Projectiles, such as various types of grenades, generally include some form of operational part and some form of barrel which initiates the operational part. Barrels can be of different types where contact fuzes are common for projectiles that are meant to burst when in contact with an object, time fuzes when the projectile is meant to burst at a certain predetermined time and proximity fuzes when the projectile is meant to burst when an object comes within a certain distance from the projectile. The use of zone barrels is preferred when confronting flying vessels, while timed barrels can be used when confronting a large number of various objects. It is advantageous to combine various types of barrel functions in one and the same barrel, for instance in order for the projectile to burst after a certain time if it fails to detect any object, and so on.

It is advantageous for the operational part to comprise some type of explosive substance, as well as some type of shattering casing which encloses the explosive substance. Various types of propellants, such as fins, can furthermore be arranged in either the barrel or in its own subcomponent.

In order to stabilize the projectiles after the projectiles have left the barrel, the projectiles are preferably designed with rotation or with fins. In cases where the projectiles are designed with rotation, the projectiles are said to be rotationally stabilized and in cases where the projectiles are arranged with fins, the projectiles are said to be fin-stabilized. Fin-stabilized projectiles should have no rotation, or very low rotation, when leaving the barrel.

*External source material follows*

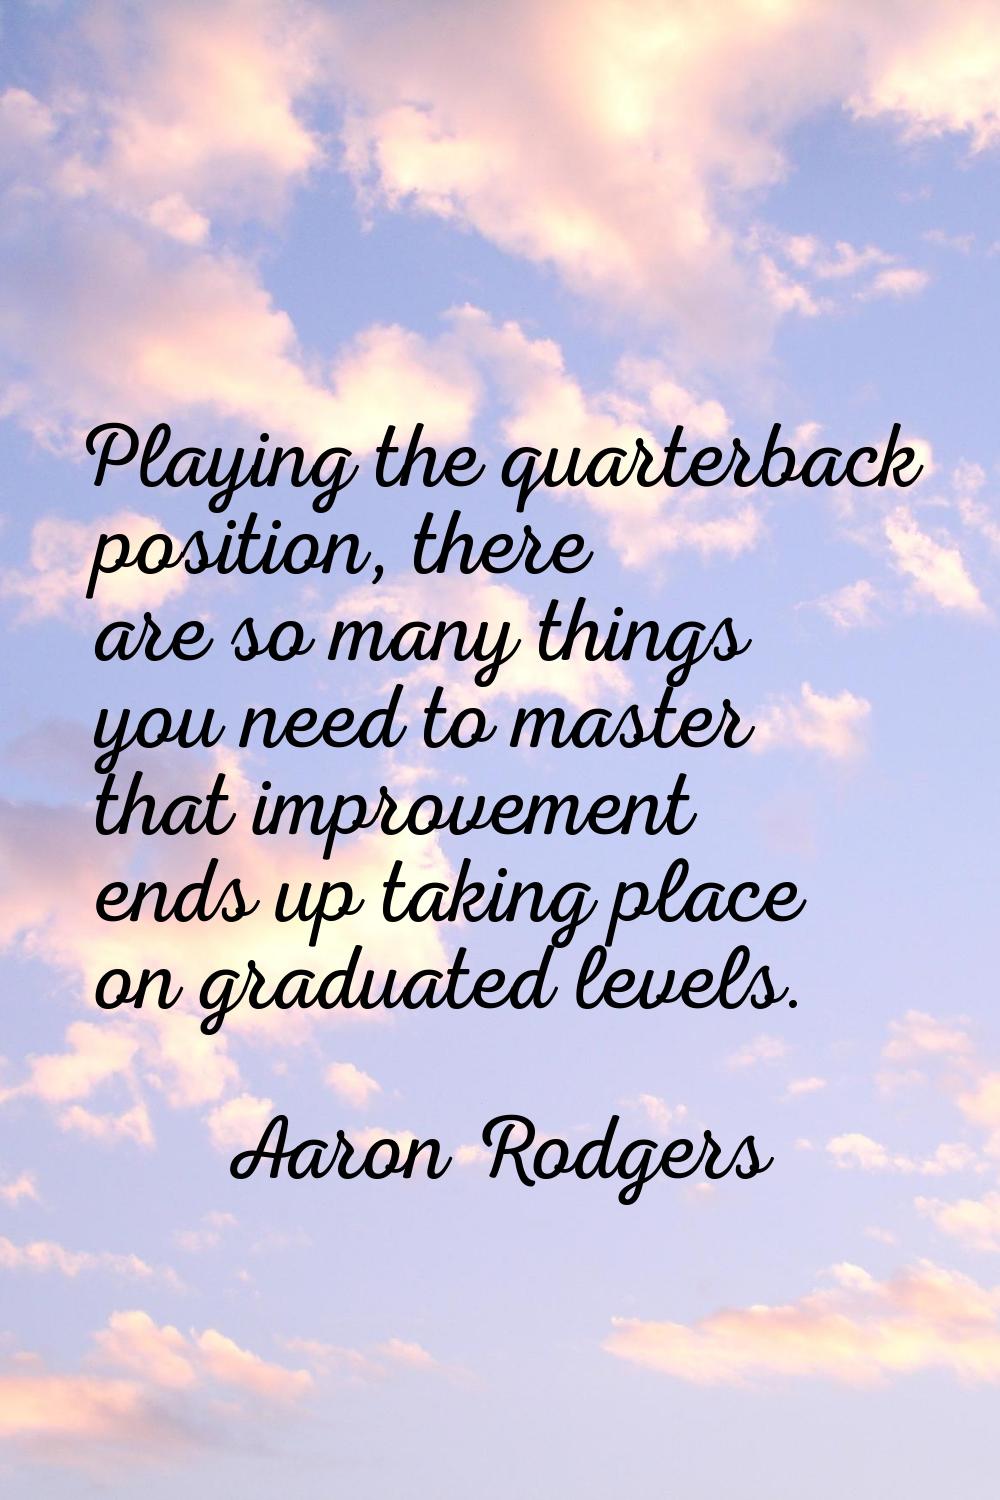 Playing the quarterback position, there are so many things you need to master that improvement ends
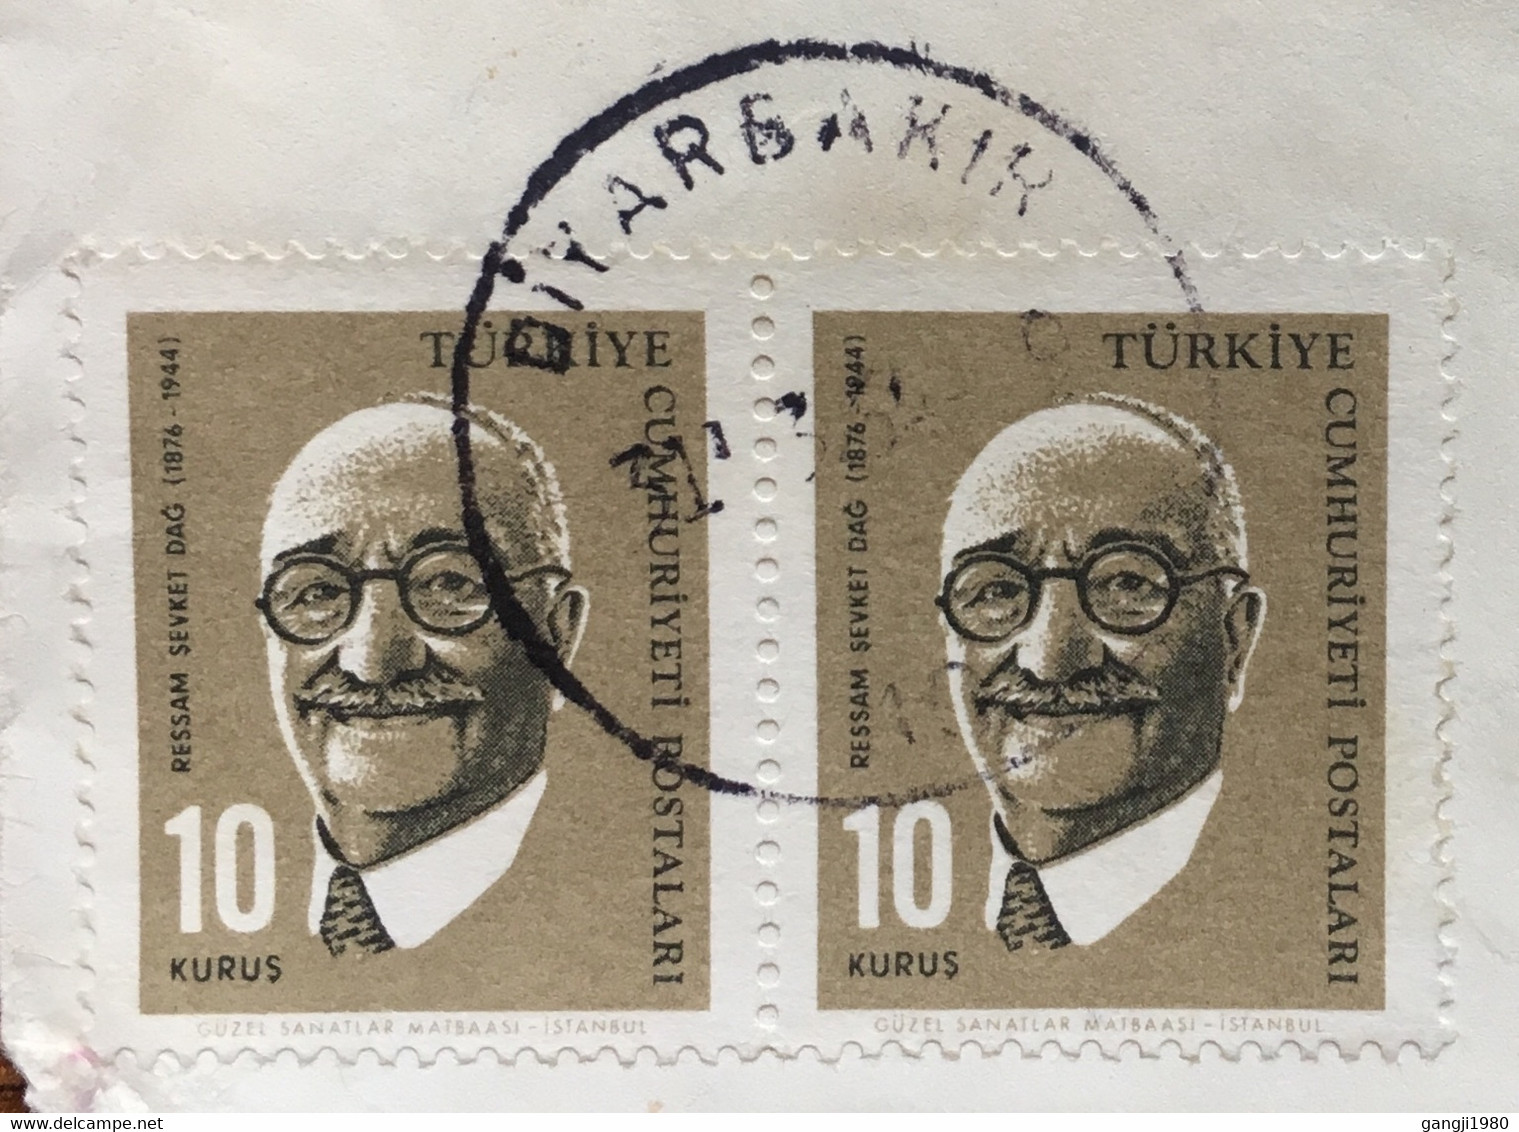 TURKEY 1964, VIGNETTE AIRMAIL LABEL ,POPLIN ARFIL RARE ! 4 STAMPS RESSAM ,CANKAYA ,COVER DIYARBAKIR CITY CANCELLATION TO - Covers & Documents

To achieve rotation on the projectiles, the barrel is often designed with rifling, to which the projectile connects during the firing process. Rifling means that the barrel in a firearm, the barrel, is provided with spiral-shaped rifling. The opposite is smooth-bore barrel. When the rifling engages the projectile during firing, it rotates along its longitudinal axis. Due to the rotation, minor irregularities or damage to the projectile will not cause a drift. Rotation is also necessary for an elongated (torpedo-shaped) projectile to maintain its direction after leaving the barrel and not start tumbling around. This is referred to as the projectile being rotation-stabilized. In smooth-bore weapons, only round (spherical) projectiles or fin-stabilized projectiles can be fired. An elongated projectile without fins will tumble as it leaves the muzzle.

Thus, rifling consists of or comprises grooves that are integrated into the track of the barrel, and the elevation in between is referred to as barriers. The rifling of fine-caliber firearms usually consists of or comprises four grooves that are turned to the right, while cannons, such as artillery pieces, have more grooves depending on the caliber of the launching device. In order for the rifling to be able to engage the projectile, the projectile must either be slightly larger than the diameter between the barriers, which is common for fine-caliber weapons, or be equipped with a special flange, called a belt, which has a slightly larger diameter than the barriers, which is common in projectiles with a diameter greater than 20 mm. The belt can be made out of plastic, composite material or a soft metal, such as brass. The length of the barrel on which the groove rotates an entire revolution is called pitch and is usually the number of inches per revolution. A pitch of 1:10 inches means that the projectile rotates a revolution of 10 inches. The corresponding pitch in millimeters is written 1:254 mm. The pitch is adjusted so that the projectile obtains the initial rotational speed required for it to maintain the required stability throughout its trajectory from launch to target, i.e. without losing its stability and starting to tumble around.

Most barrels include rifling, and, by arranging projectiles with sliding belts, both rotation-stabilized and fin-stabilized projectiles can be launched with rifled barrels. Smooth-bore barrels are basically only used for weapon systems intended to armored combat vehicles, as the rotation of the projectile means that the directed explosive action, RSV, is less effective since the centrifugal force causes the beam from RSV to be spread out.

Rifled barrels suffer from problems when it comes to the connection between the belt and barrel. On the one hand, gunpowder gases can pass the projectile in cases where the coupling is not completely sealed, which results in a lower firing rate, and on the other hand, the coupling causes wear on the barrel, which shortens the life of the barrel.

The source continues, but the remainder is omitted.